Они заснули, а сверху, с безграничных высот, смотрели на них неприступные звезды.
«Да, — вспоминает Веденеев, — нам пришлось тогда проделать этот путь снова. И еще раз. Но это были экспедиции в уже завоеванный край. Хотя и завоеванный, он сдавался не сразу. Но все равно было ясно, что рано или поздно он покорится окончательно. Жизнь, подчиненная твердым и ясным задачам, входила в привычные для всех границы. Все, что было самого трудного, — это неизвестность. А после оставалось одно — работа».
Работа была привычной. Одним она, возможно, показалась прежде всего тяжелой, другим — грязной, третьим — неинтересной, четвертым — героической. Но человек, выполняющий ту или иную работу, никогда не может почувствовать до конца все ее грани. Для этого пришлось бы отделить себя от нее, а это, разумеется, невозможно — одна из причин, почему со стороны всегда все видней. Была ли работа трудной? Возможно. Надо было встать в шесть часов, ежась от утреннего тумана, бежать осклизлой тропой до ручья и там помыться в ледяной воде. Быстро поесть что бог послал, а посылал он в основном одно и то же — пшенную кашу и чай с куском вязкого, застревающего во рту хлеба. Только чай в этом однообразном меню и был отменным — благодаря старым крюковским запасам. В карман плаща укладывался дневной паек: пять ржаных сухарей, три кубика сахара. На пояс вешалась фляга с водой. Воды кругом хватало, но береженого бог бережет. И — пошли. У кого сегодня что? У Зубова — опять трассировка. У Веденеева — пикетаж.
На третью неделю прибыл Цветаев (так было условлено с Мизинцевым, у которого и без него оставалось два техника). «Вы, Цветаев, — с первым нивелиром. Что, мало рабочих? Ничего, у всех мало, придется побегать с рейкой, только и всего. Володя Крюков, ты куда? Ах да, контрольный нивелир. Бери, пожалуйста, поточней отсчеты. Что, колышки на точках плохо забиты? И неровные? Цветаев, почему? Ах, вы не плотник! Правильно. Если бы вы были плотником, то сидели бы сейчас дома. Я тоже не плотник. Но все, что мы здесь делаем, это наше общее дело. А ваше вдвойне — ведь вы уже трудились здесь до нас два с половиной месяца. И хватит об этом говорить, точки должны быть забиты как полагается. И еще — подписи на плюсах делайте поаккуратней. Коля, дай, пожалуйста, товарищу Цветаеву тюбик с масляной краской и кисть. Ну вот, вы сейчас художник-передвижник. Тронулись».
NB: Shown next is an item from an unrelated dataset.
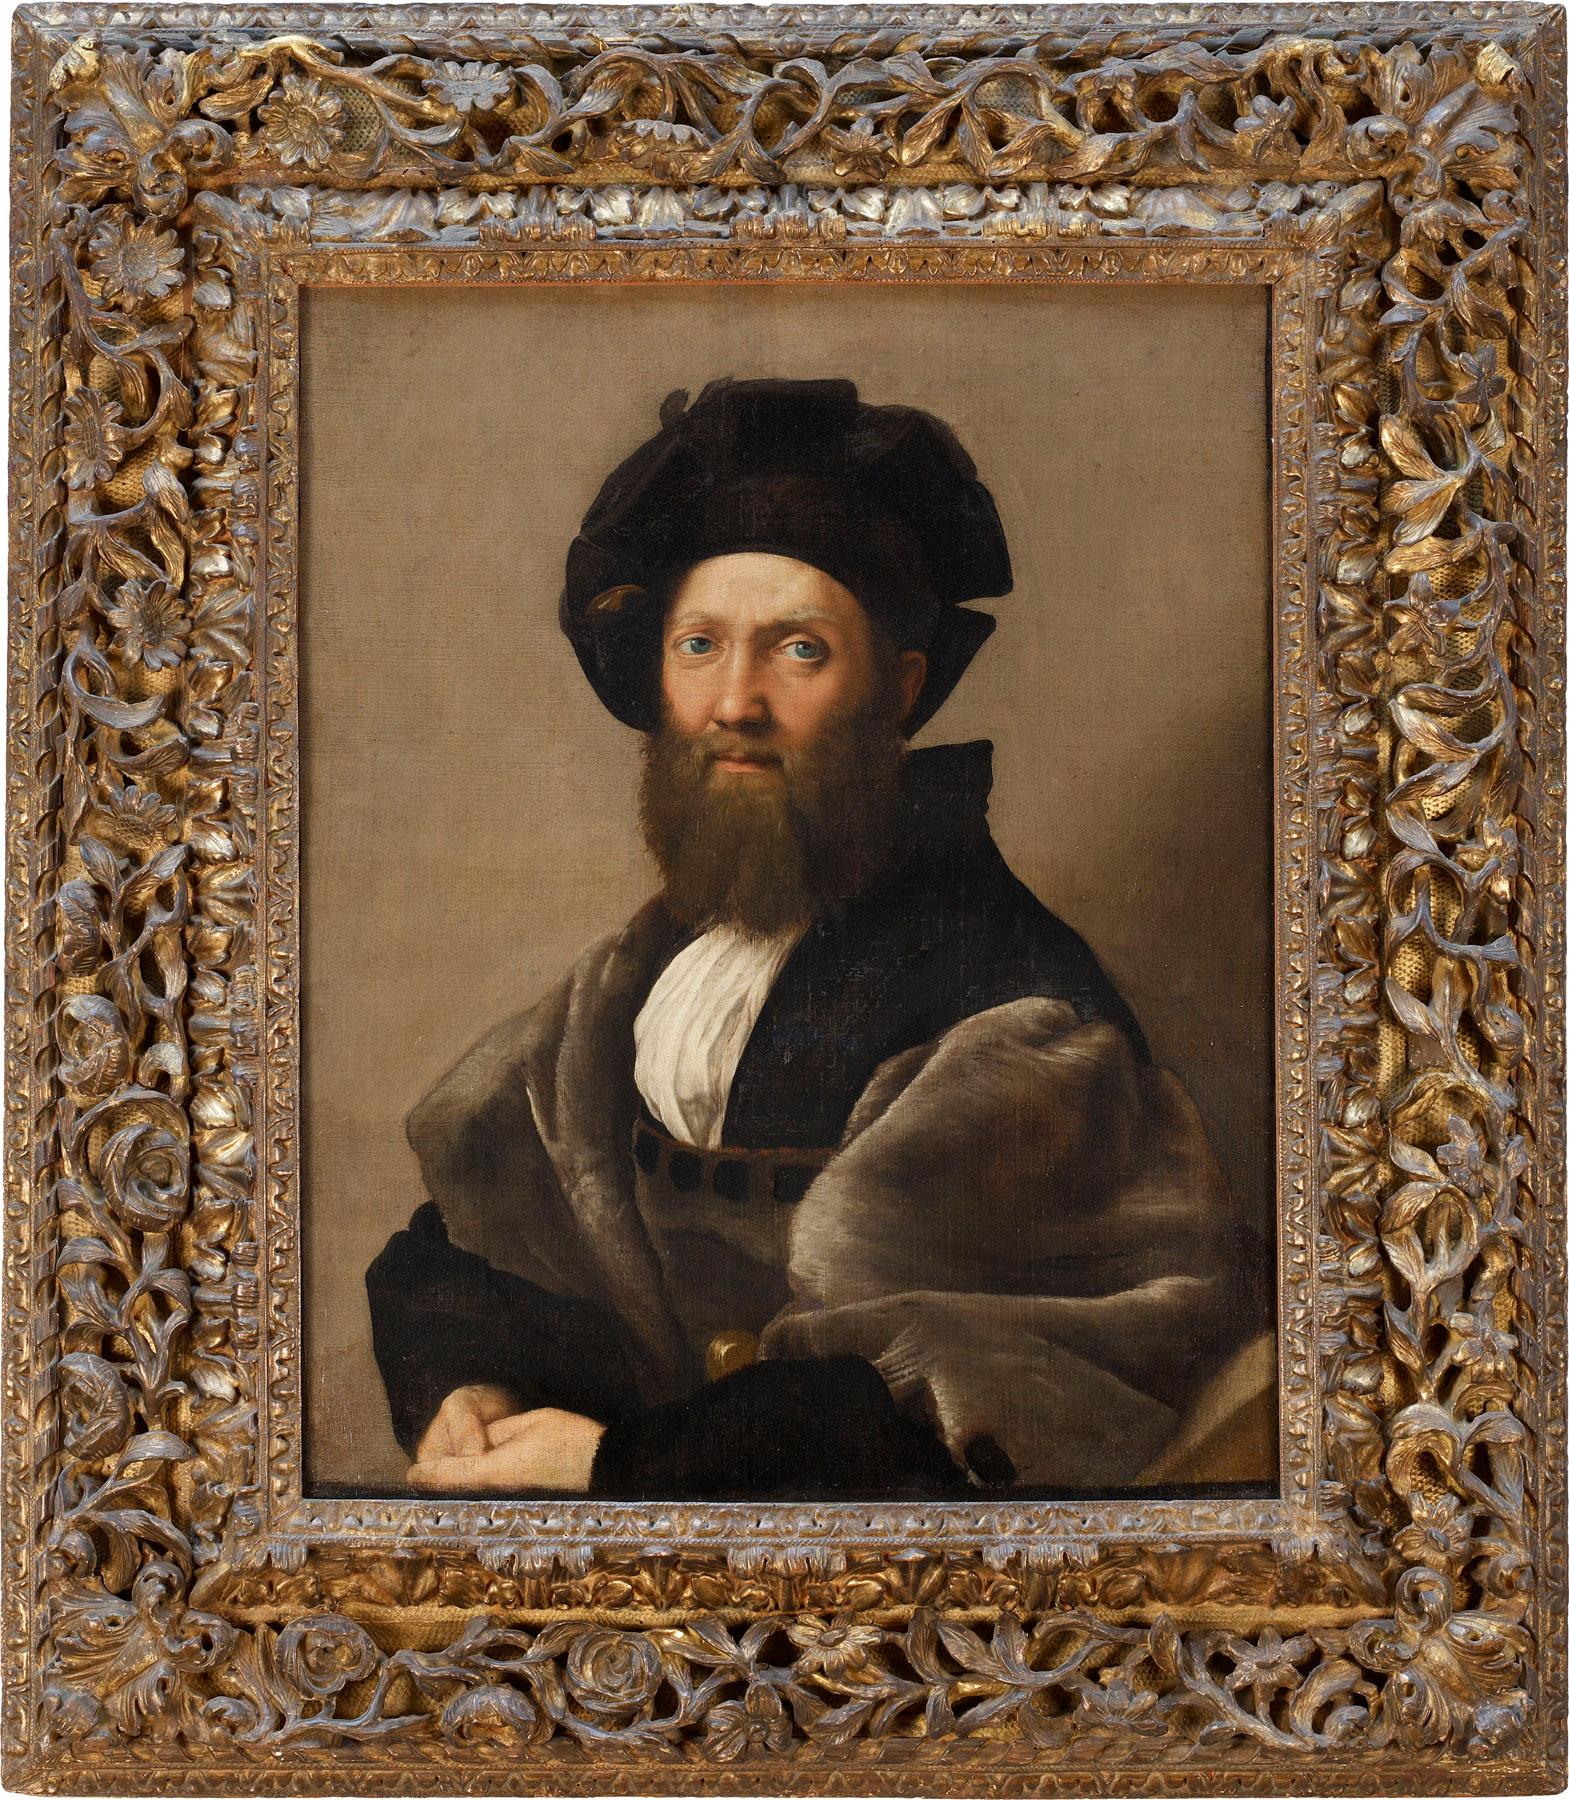 Raffaello, Ritratto di Baldassare Castiglione (1513; olio su tela; Parigi, Musée du Louvre, Département des Peintures). © Musée du Louvre, Dist. RMN – Grand Palais / Angèle Dequier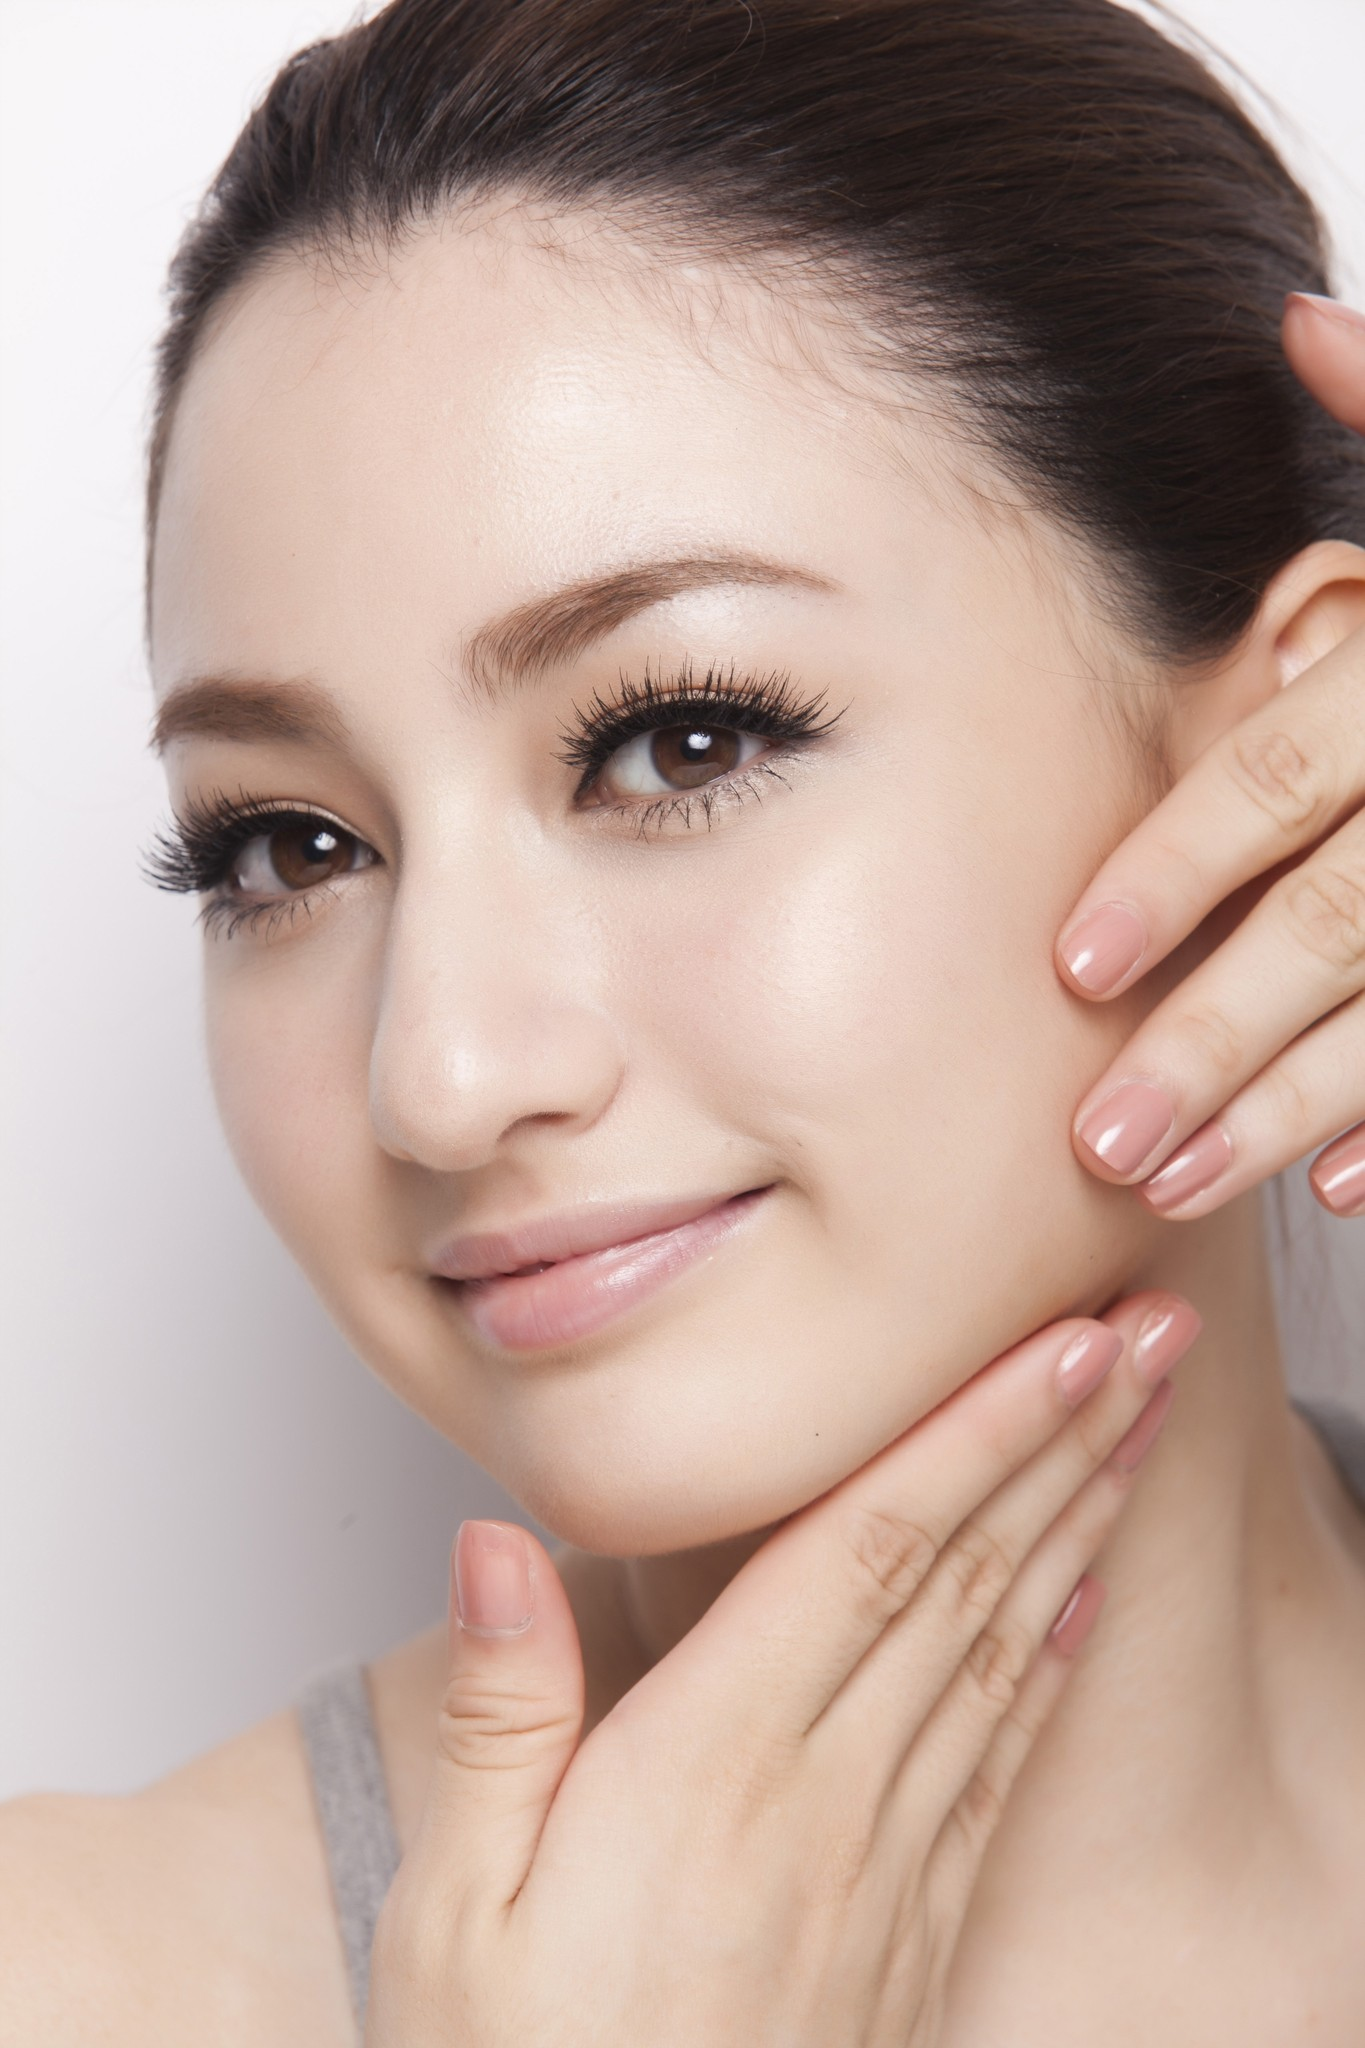 Menggunakan Sunscreen Untuk Melindungi Kulit Wajah Anda

Да, так оно и было каждый день. Но теперь, через два месяца, Веденеев смотрит на это другими глазами. Он вспоминает Зубова, его лихорадочную деятельность, его спешку, нетерпение, нежелание считаться ни с чем. Голова у Зубова была тогда обмотана бинтами. И это придурь, считал тогда Веденеев, это Марина хочет, чтобы он мучеником выглядел. Да и сам Генка не прочь, видно, покрасоваться в ореоле мученика. Зубовская суетливость его безмерно раздражала, попытки убыстрить ход событий — смешили. Теперь же, когда Зубов лежал в пятистах метрах отсюда, в больнице, многое казалось уже иным. Зубов, наверное, чувствовал тогда, что силы его на исходе, а оставлять дело неоконченным не хотел. Наверное, все из-за тех же слов. Глупо. Веденеев по-прежнему не признает за собой вины: мало ли что сказал!.. И тем не менее он знает: не будь тех слов, не было бы и многого другого. Зубов работал как одержимый. Он словно вел незримую борьбу сам с собой, у всех на виду. Гнал трассу, потом проверял работу остальных звеньев, проверял нивелирные журналы, пикетажные книжки, считал, считал, когда остальные блаженствовали после тяжелого дня, вставал раньше всех, а ложился самым последним — и все с каким-то вызовом, с упорством, причины которого были Веденееву непонятны. Не вполне понятны они ему и теперь, ибо сам он никогда так бы не поступил, но против воли он стал уважать Зубова. А Марина…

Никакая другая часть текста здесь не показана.